The ex-Soviet states are riven by numerous territorial disputes, largely ignored by the media unless Russia is involved, as in Georgia and Ukraine. Territorial disputes are emotional because everybody needs a home and because they usually create refugees. The international community has found it difficult to solve the dispute between Armenia and Azerbaijan. Russia’s President Putin managed to stop the recent flare up, but no real solution was at hand at the Sochi meeting Putin chaired between Aliyev and Armenian President Serzh Sargsyan.

Armenia will not easily abandon its desire for the territory to be an independent state with a predominantly Armenian population. Azerbaijan will continue insisting that the Azeri refugees must be allowed to return. There is a deadlock.

Each party should consider the other’s proposals before real negotiations can take place for a lasting peace deal. Armenia must accept the return of the refugees, and Azerbaijan must allow the territory some independence; negotiations presuppose compromise, and that means accepting things each side would not normally accept. In this case that means that the territory will be shared by people of both sides.

On that basis, real negotiations can take place to protect the interests of both states, and the peoples in the disputed territory. Rigid social structures are for societies at war; the chain of command and hierarchy must be clear to deal with threats from enemies. But for a society to be at peace, rigid social structures have to done away with. A negotiated peace for Nagorno–Karabakh must consider that.

To put to rest the fears of Armenians, who believe they will be outnumbered by Azeris, the territory will need a government with a limited role. For the different peoples to get along within the territory, liberties must be increased, property rights strengthened, and government involvement in the economy limited. If a government gets involved, it will always favor somebody over somebody. Government involvement means people will rightly claim unfairness Armenians are favored over Azeris or the other way round.

The alternative is to waste time and risk war. Time — lost time that could have been used to build the region — is part of the cost to rebuild after a war. Armenia has been threatening to target Azeri cities with missiles.

The territory must have a no-visa, no-tariff arrangement with both Azerbaijan and Armenia. The money must be determined by the people, not the government. A 200 year deal on the territory will allow both Armenia and Azerbaijan to observe the benefits of freedom as he territory changes over time.

Everybody knows the benefits of freedom; elites hate freedom because they want to pretend they bring benefits to mankind. Both Aliyev and Sargsyan understand freedom, that is why both states demanded freedom from the USSR. Why not attempt this peace, what is there to lose, otherwise the territory will remain disputed and unproductive.

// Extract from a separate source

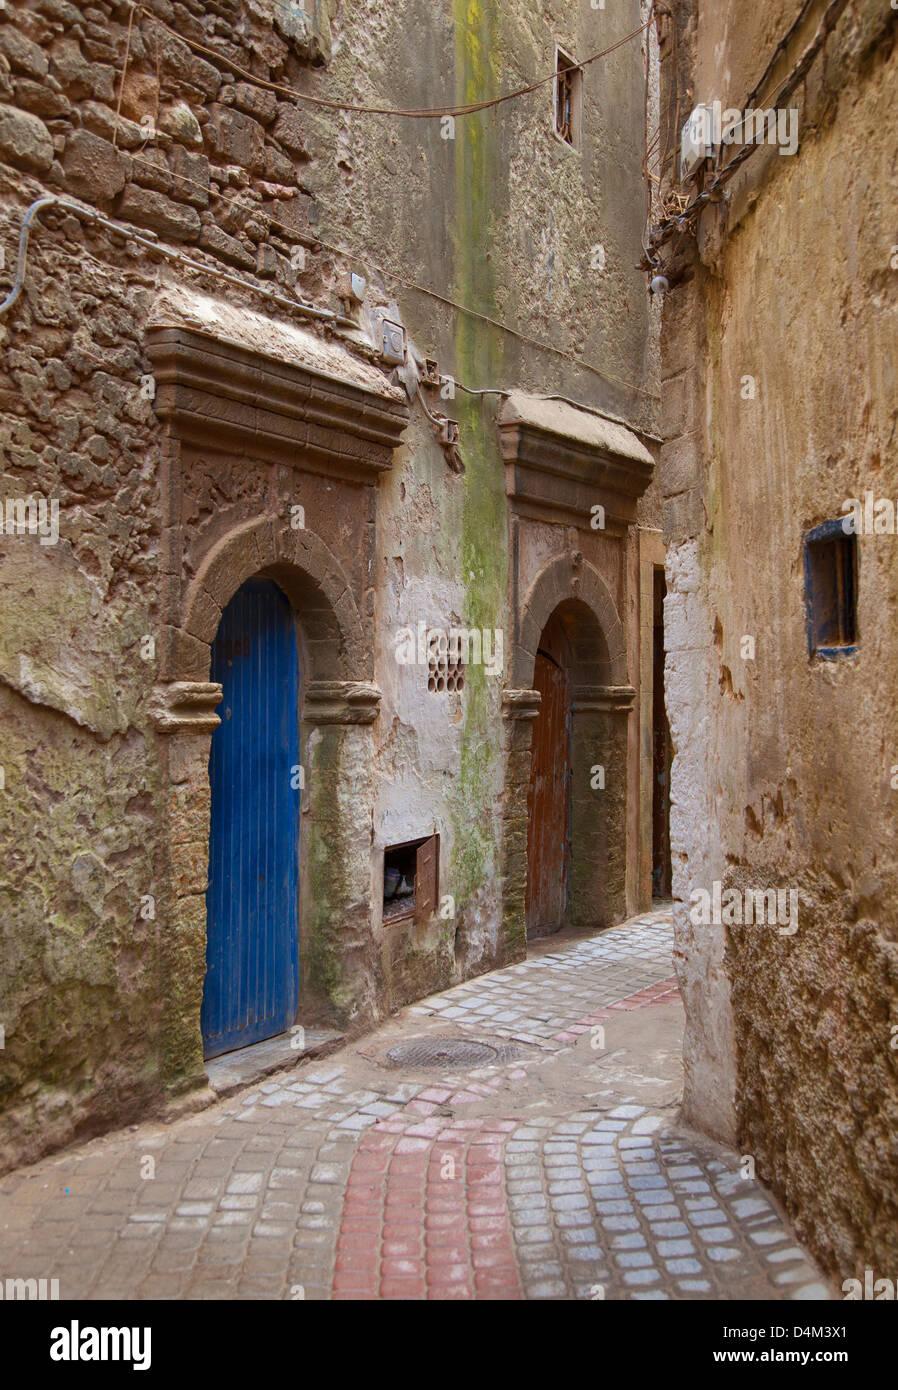 Arched doors in village alleyway - Stock Image

The free market will neutralize rule by oligarchs; the territory will prosper. Those who use governments are either greedy or envious, and desire the land to have a culture of greed and envy. Having access to government means you have money, how does a poor person influence government except as a rebel? Markets are a better check on would-be oligarchs and rebellion than war.

But who knows what grand schemes the trio of Washington, Paris, and Moscow — “the Minsk group” — have in mind, or what they are negotiating. The political systems in these countries are dominated by the greed and cronyism, and with the crisis in Ukraine dominating their attention, the Minsk group representatives are unlikely to focus on accommodation between Azerbaijan and Armenia.

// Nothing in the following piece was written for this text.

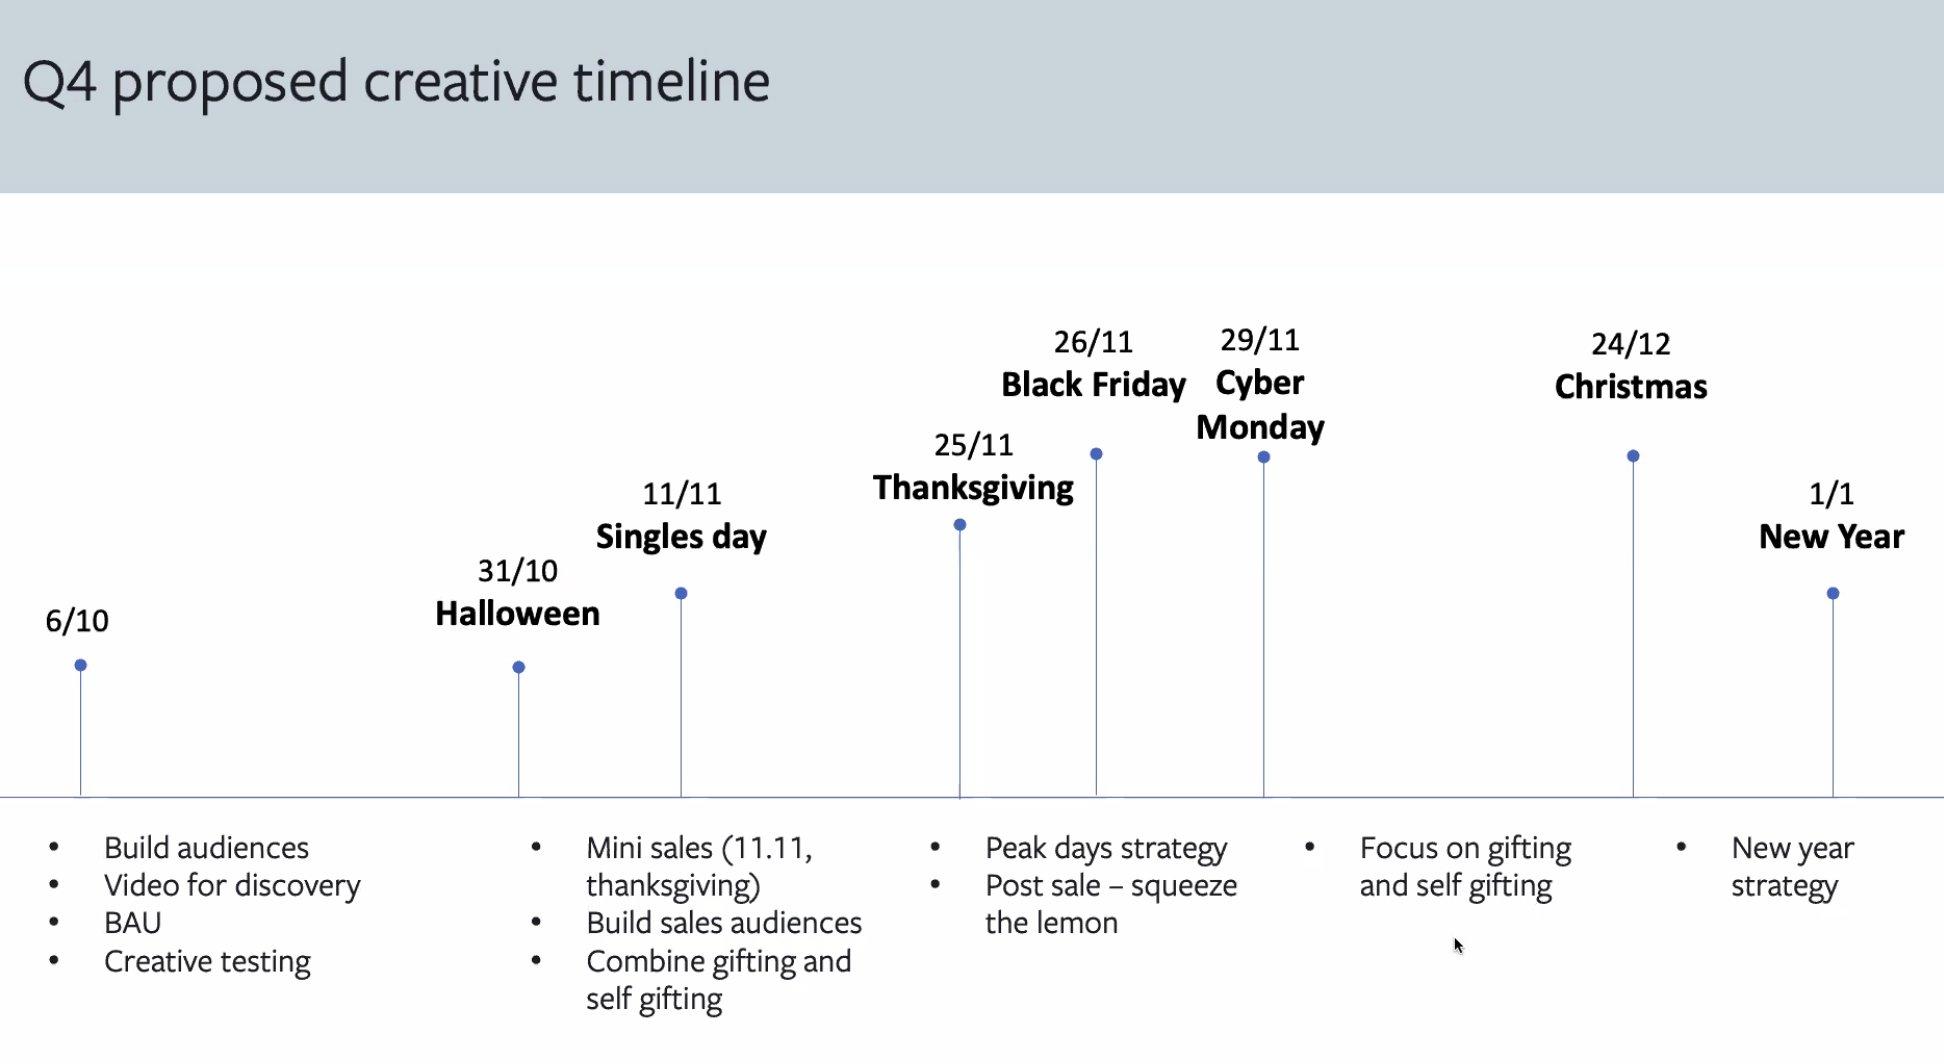 Facebook Q4 proposed creative timeline

Hopefully both Armenia and Azerbaijan desire the benefits of peace, liberty and freedom. All leaders want to be seen as the peace seekers. A tweet by Aliyev said, “today, stability in the region is provided only thanks to the policy of the Azerbaijani state. Azerbaijan is a stabilizing country.” Will he pick up the phone and tell Sargsyan he accepts Armenia’s core demand for the territory, and will Armenia accept return of the refugees, for the sake of peace?